Apple is one of the few companies that does hardware and software well, which is why Xiaomi is sometimes referred to as the “Apple of the East”. However, Xiaomi at its core, is very different from Apple.
Xiaomi began work on MIUI, which started off as a pure software effort to build an alternative ROM for Android. The team approached several manufacturing partners and suppliers such as Qualcomm, Broadcom and Foxconn, eventually releasing their first smartphone, the Mi 1, back in 2011.
2 A Different Business Model
Xiaomi’s driving philosophy is based on the belief that its business should be built on services, and neither hardware nor devices. The nature of the Chinese mobile phone market also played a part in shaping the business model of Xiaomi.

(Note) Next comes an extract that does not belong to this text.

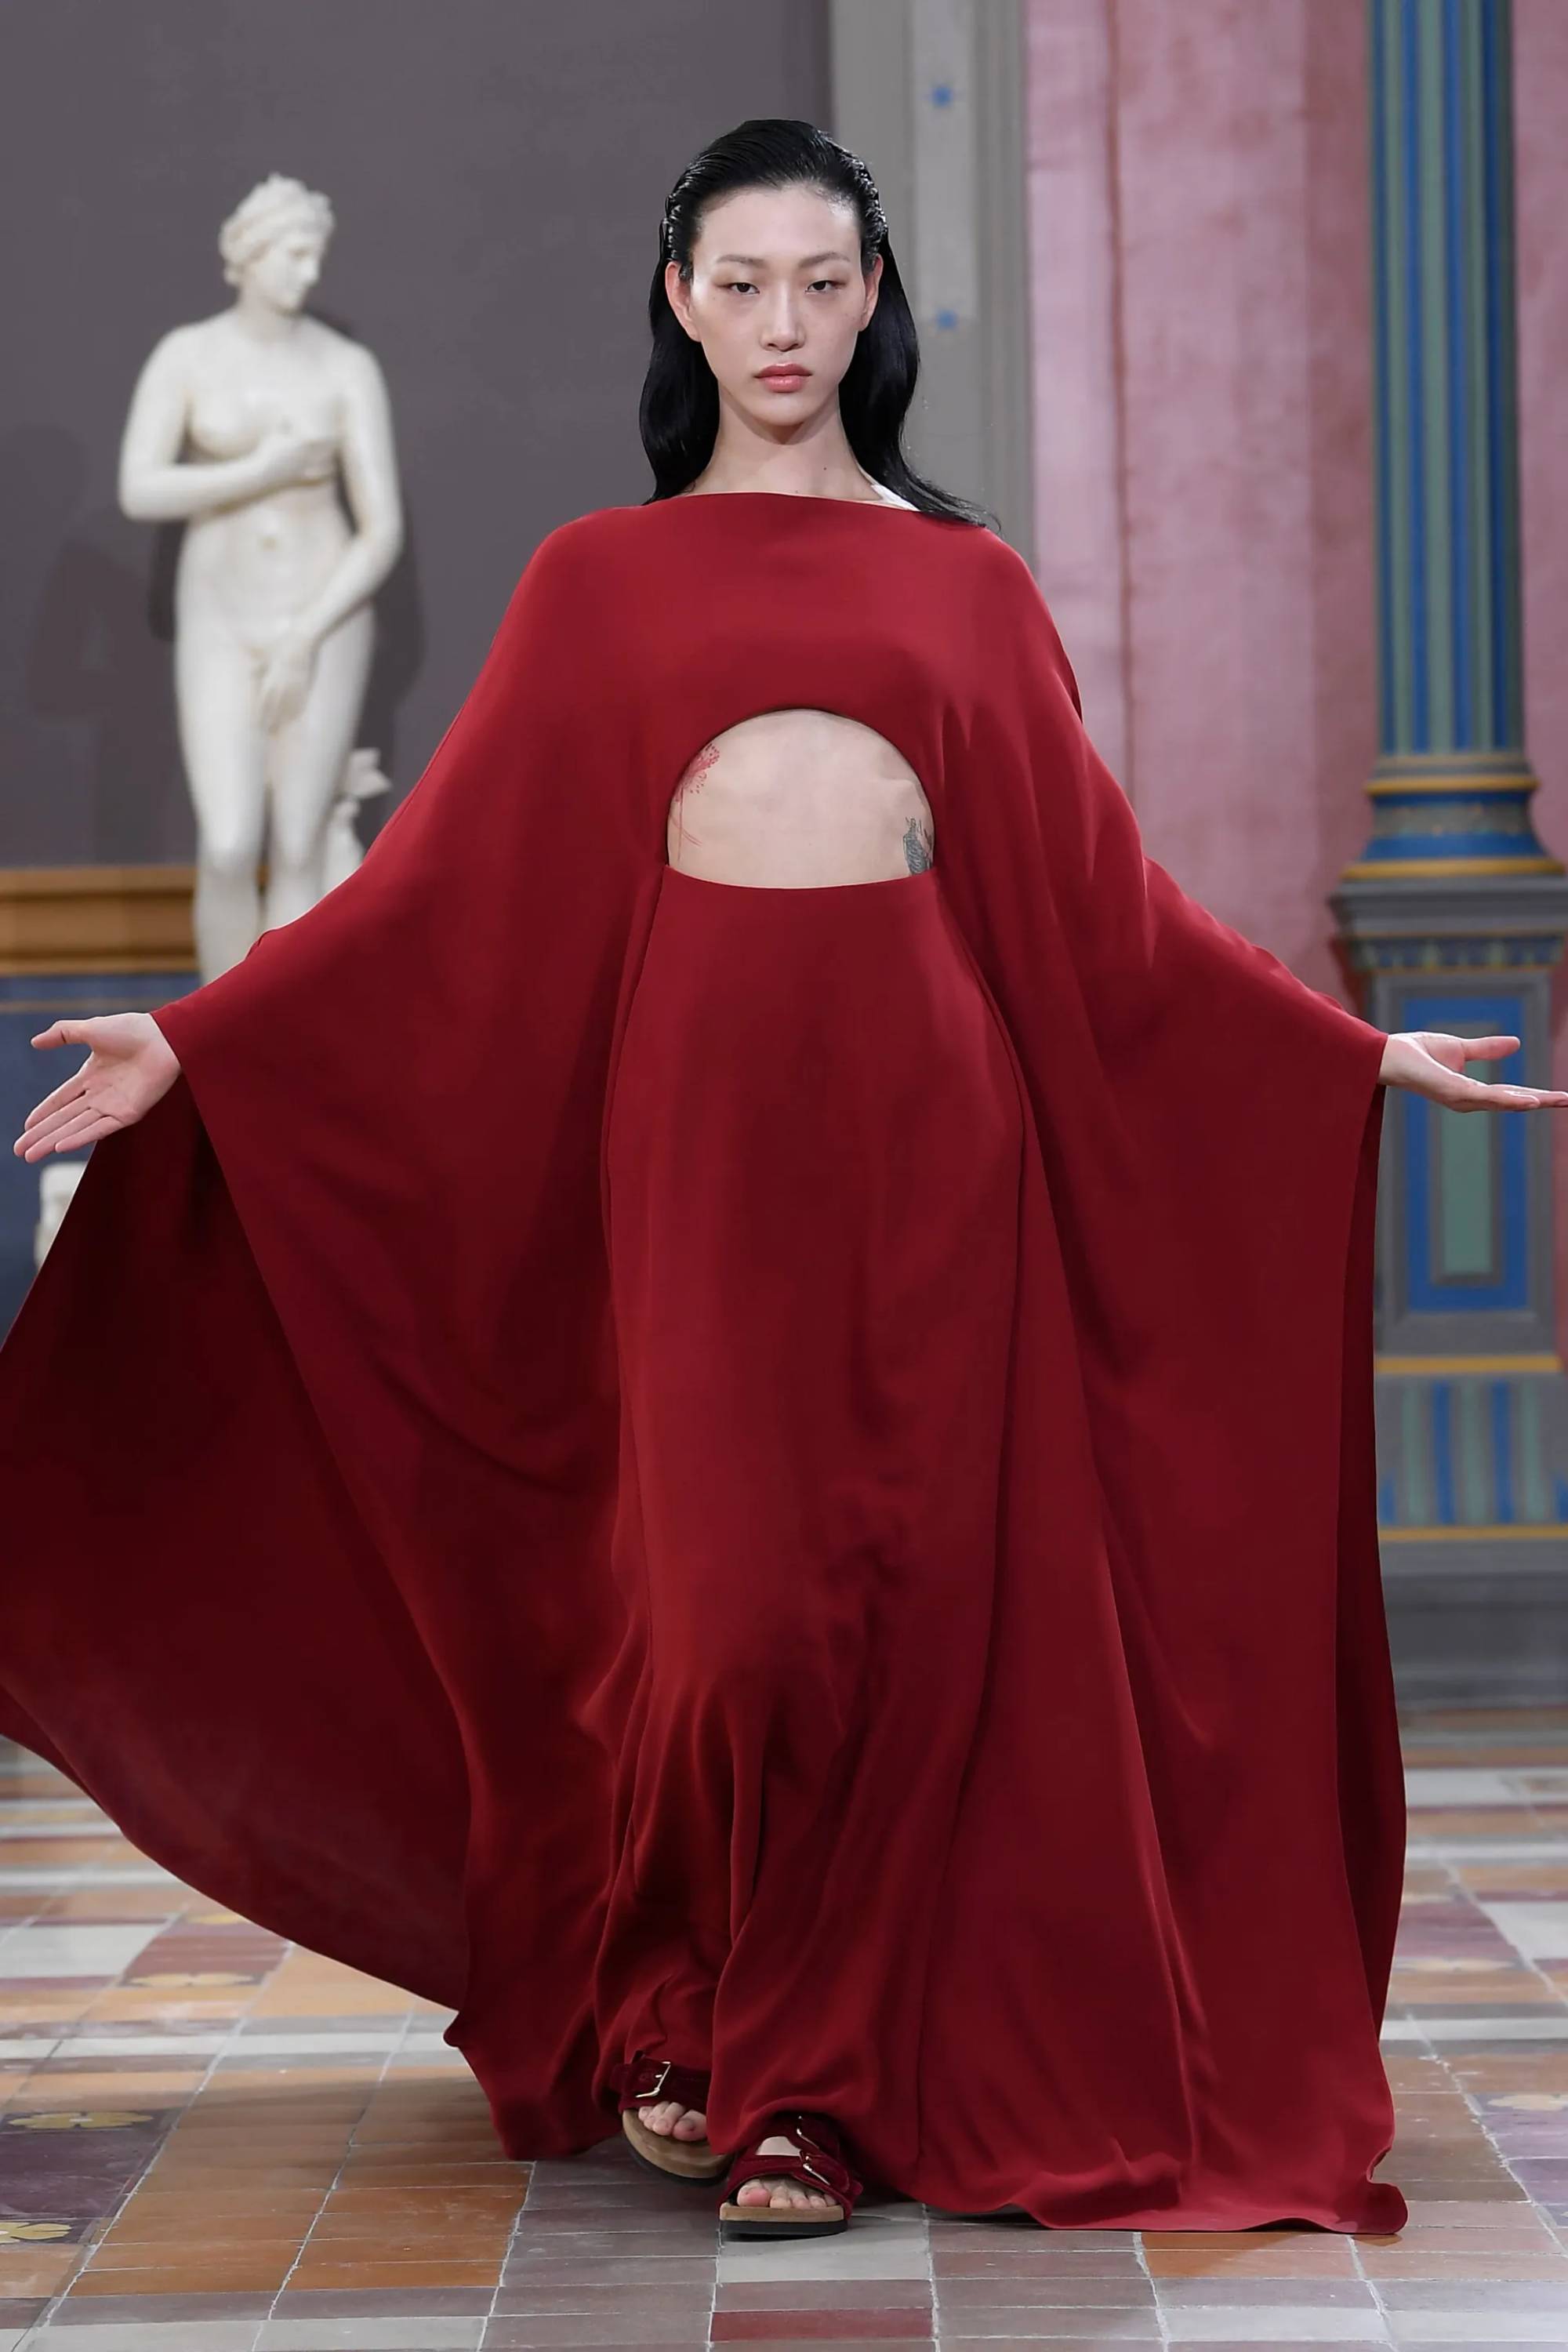 máxima de holanda es la reina latina más impactante con un vestido y zapatos pumps en rojo intenso
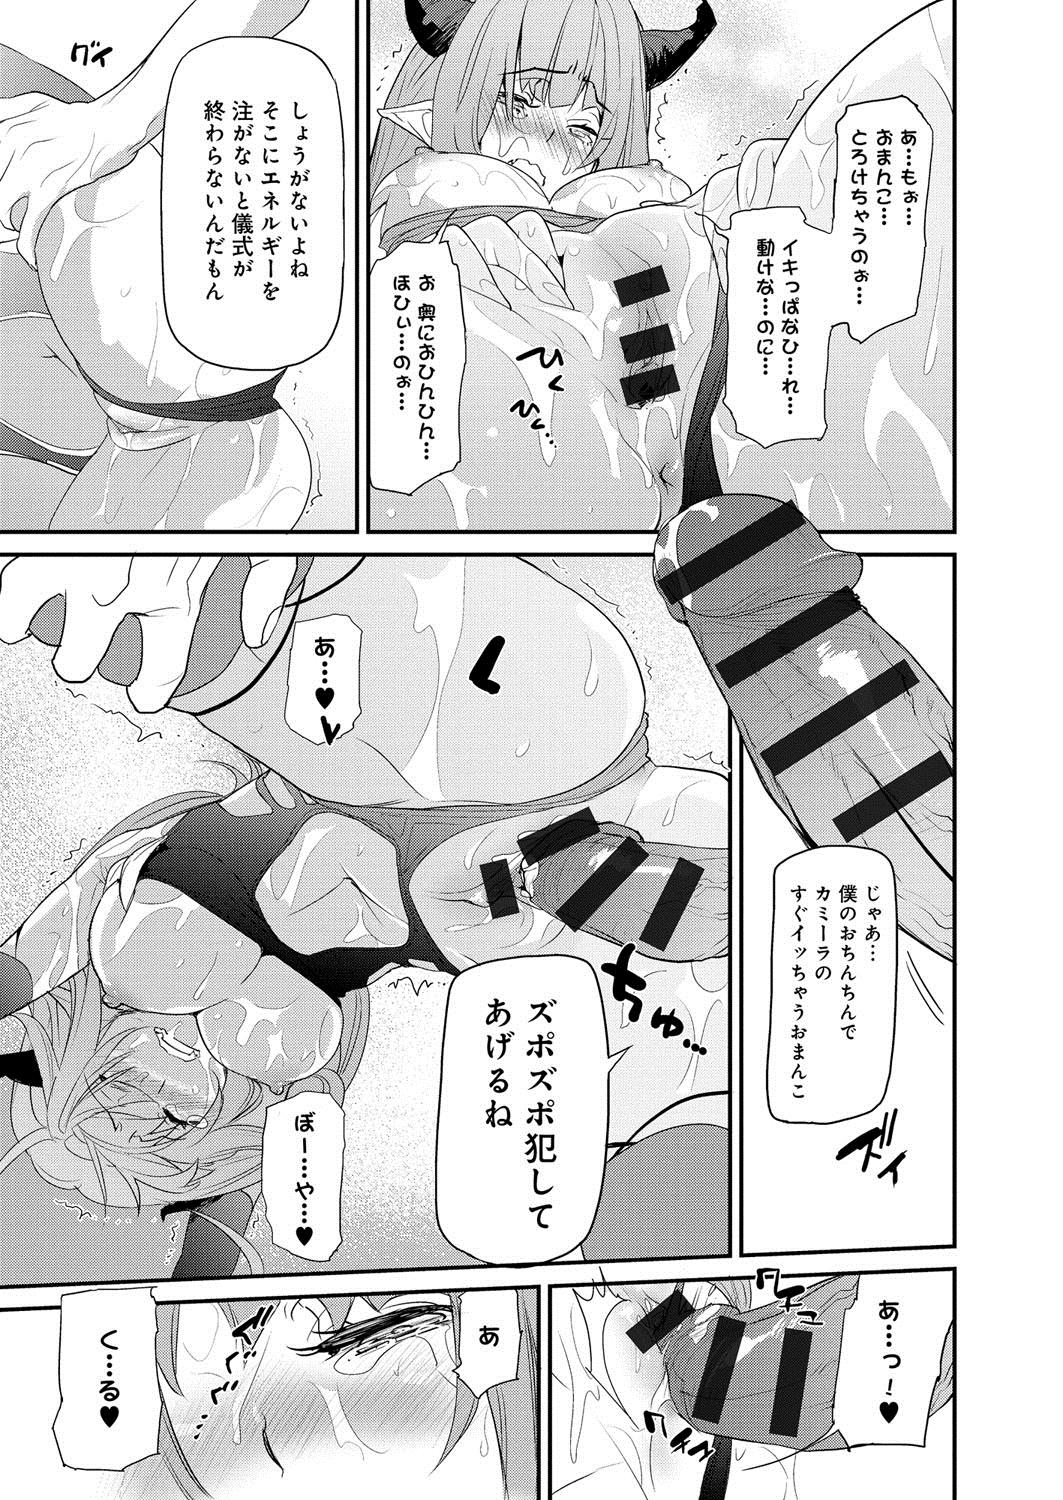 [Anthology] Lord of Valkyrie Adult - Comic Anthology R18 Handakara Saigomade... Mou, Kishi-sama no Ecchi♪ 57

By focusing on services, Xiaomi would hopefully avoid the fate that Lin feels other smartphone makers will face in the near future – declining profit margins from sales of hardware. During the D: Dive Into Mobile Conference in New York last year, Lin stated that “the future of the mobile Internet is really about services”. He feels that smartphones are going through a phase that PCs did twenty years ago when profit margins were huge. With the profit margins of PCs in single digits now, Lin believes the same would happen for smartphones soon.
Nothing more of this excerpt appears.